A S. E. Mons. FADDOUL porgiamo i nostri più sentiti auguri, assicurandogli le nostre
preghiere affinché il Signore gli dia la forza e non gli faccia mancare il Suo sostegno durante il
suo Ministero Episcopale.
***
***
COLOSSEO ROSSO, COME IL SANGUE
DEI CRISTIANI PERSEGUITATI
La pioggia non ha reso meno intenso il colore rosso di cui è stato illuminato il Colosseo in
ricordo e memoria dei martiri cristiani.
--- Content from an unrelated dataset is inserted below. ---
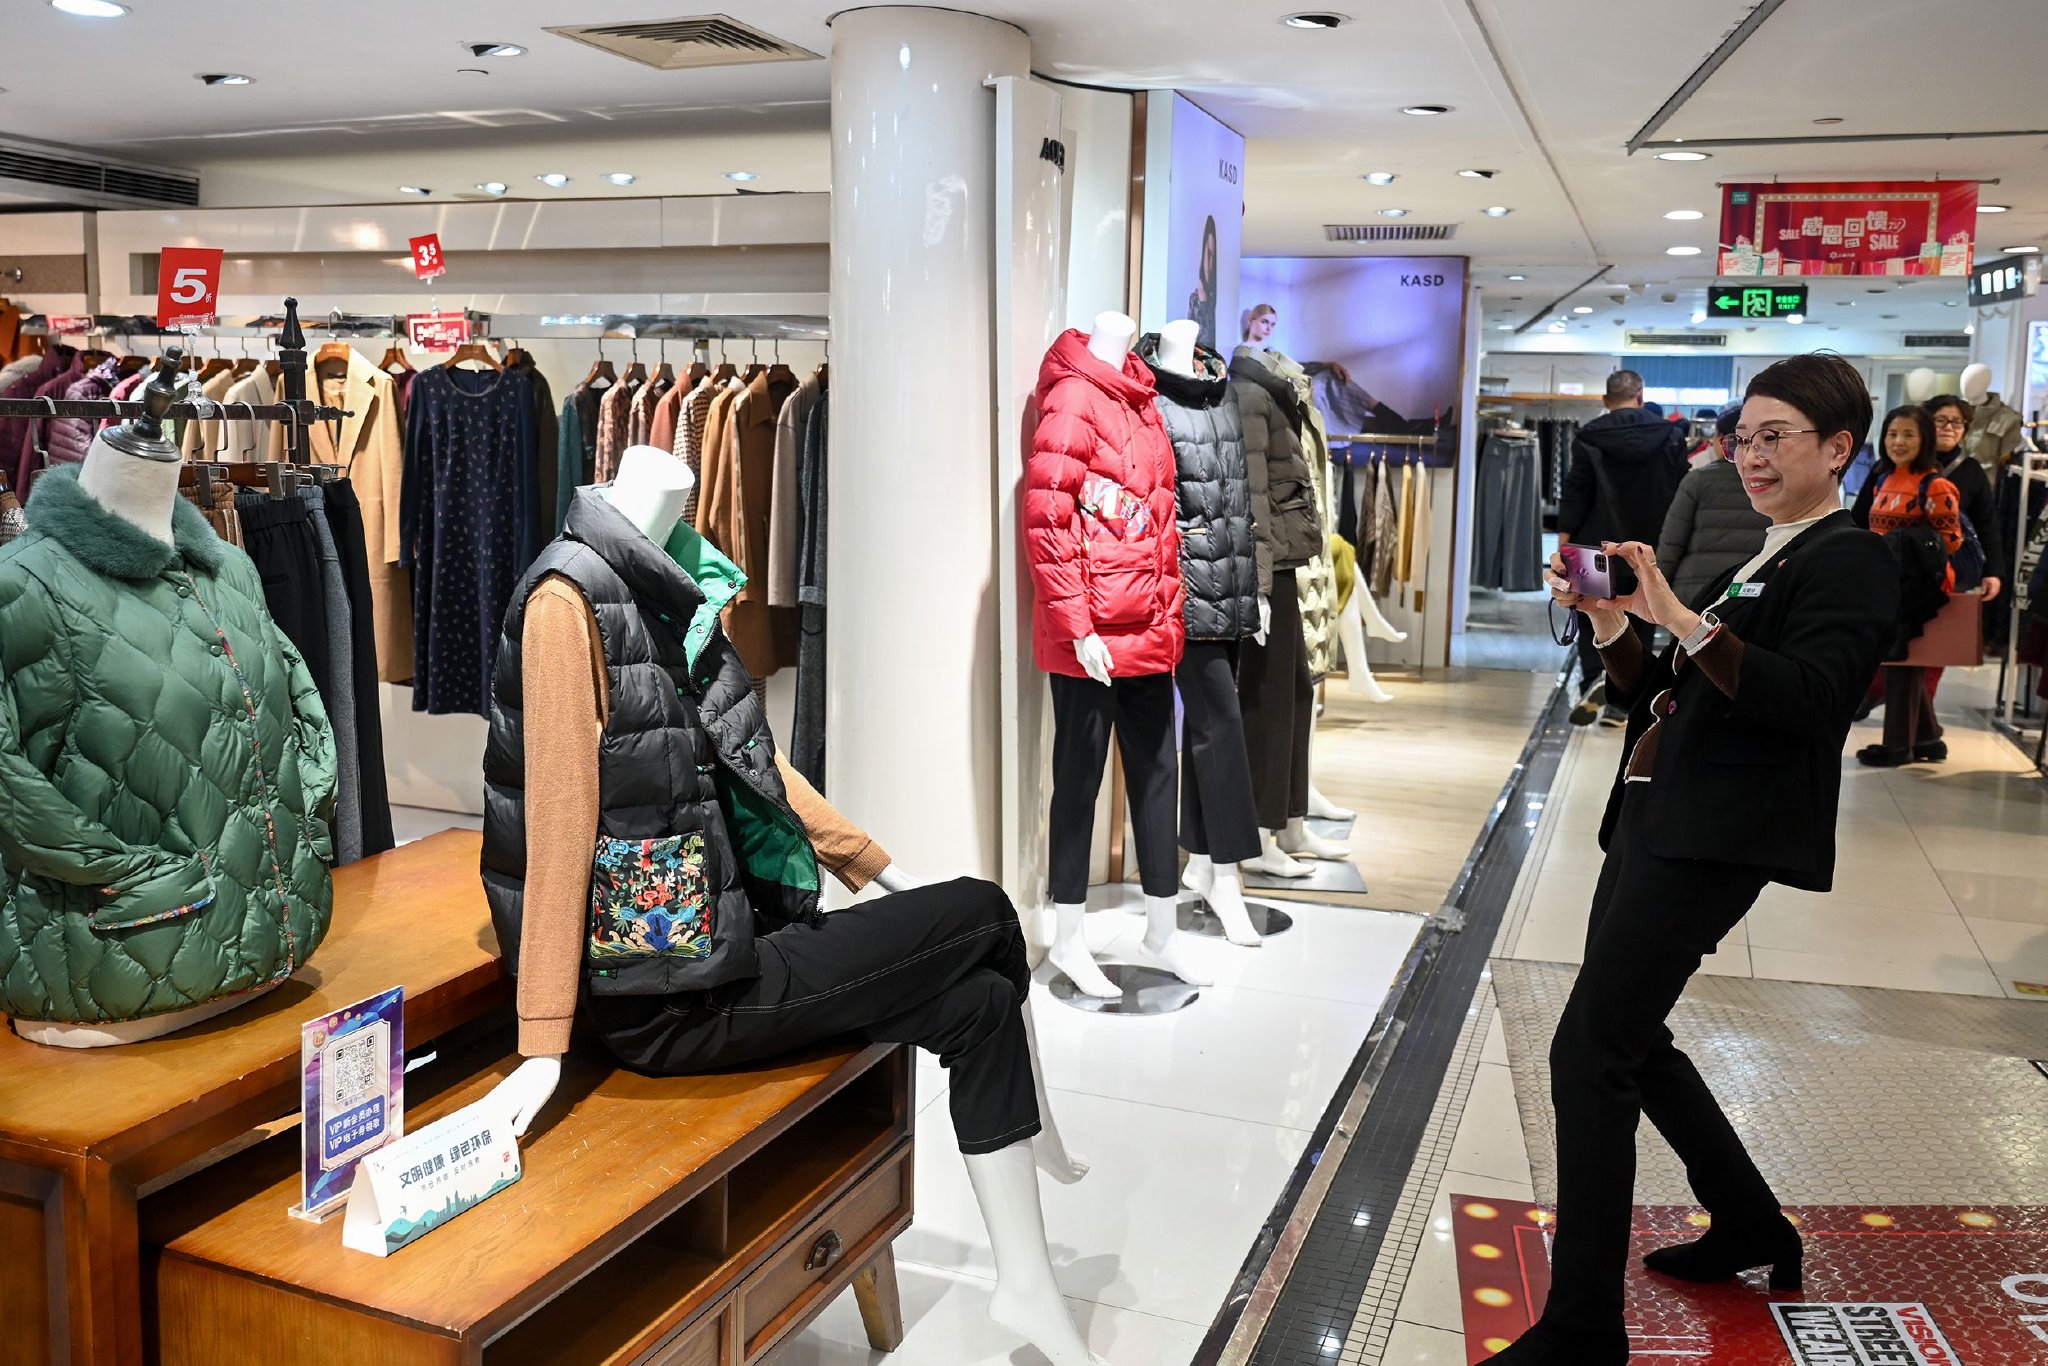 吴菊珍用手机拍摄自己工作的服装店内场景。

Sabato pomeriggio, 24 febbraio, con un evento
organizzato in largo Gaetana Agnesi, di fronte all’anfiteatro Flavio, la fondazione pontificia
Aiuto alla Chiesa che soffre ha tinto con fasci di luce il monumento simbolo del martirio
cristiano per ricordare il sacrificio di quanti, ancora oggi, donano la loro vita per la fede. «I
martiri sono le prime vittime di una mentalità che non riconosce la libertà né la dignità della
persona umana» ha evidenziato il cardinale segretario di Stato vaticano Pietro Parolin
auspicando che «questo appuntamento scuota le coscienze e rinnovi il messaggio salvifico
del Signore, che tanti cristiani nel mondo continuano a testimoniare, pagando anche con la
vita». Dei martiri come «testimoni coerenti e credibili» ha parlato anche monsignor Nunzio
Galantino, segretario generale della Conferenza episcopale italiana: «In un mondo che vuole
arginare la portata rivoluzionaria del Vangelo – ha detto -, il dono della vita per la fede dei
nostri fratelli ci dice che ha senso restare fedeli alla Parola». Contemporaneamente al
monumento di Roma sono state illuminate la cattedrale maronita di Sant’Elia ad Aleppo e
la chiesa di San Paolo a Mosul: la città siriana e quella irachena sono luoghi simbolo della
persecuzione cristiana in Medio Oriente. «Sentiamo la vostra vicinanza perchè questa è la
Chiesa: un corpo solo – ha detto in collegamento Skype padre Jalal Yako, missionario della
congrezione dei Rogazionisti di Messina, che opera nel nord dell’Iraq -; ringrazio anche i
musulmani qui presenti per dare la loro solidarietà alla comunità cristiana che pur tra tante
difficoltà è tornata al 50 per cento». Padre Firas Lufti, francescano della Custodia di Terra
Santa e viceparroco della chiesa di San Francesco ad Aleppo ha raccontato – collegato dalla
Siria – di una città «riunificata e che sta rinascendo dopo anni di martirio e sofferenza»:
nonostante la diaspora dei cristiani, crollati da 250mila a 30mila, «ora, assieme alla pietre,
stiamo rimettendo in piedi i profughi e gli orfani». Centrale il momento delle testimonianze di
Rebecca Bitrus, nigeriana rapita da Boko Haram, e di Masiq e Eisham Ashiq, marito e figlia di
Asia Bibi, pachistana condannata a morte per blasfemia: ricevuti da Papa Francesco nella
mattina di sabato, dal palco, nel silenzio attento e commosso dei presenti, hanno raccontato
delle persecuzioni vissute a motivo della loro fede.«Mi hanno chiesto di abbandonare la mia
religione – ha ricordato tra le lacrime Rebecca Bitrus che dalla violenza subita ha avuto un
figlio e per questo è ripudiata dal suo paese –, ma nemmeno la minaccia delle armi mi ha
convinta: mi hanno torturata e violata ma ho sempre risposto mostrando loro il mio rosario».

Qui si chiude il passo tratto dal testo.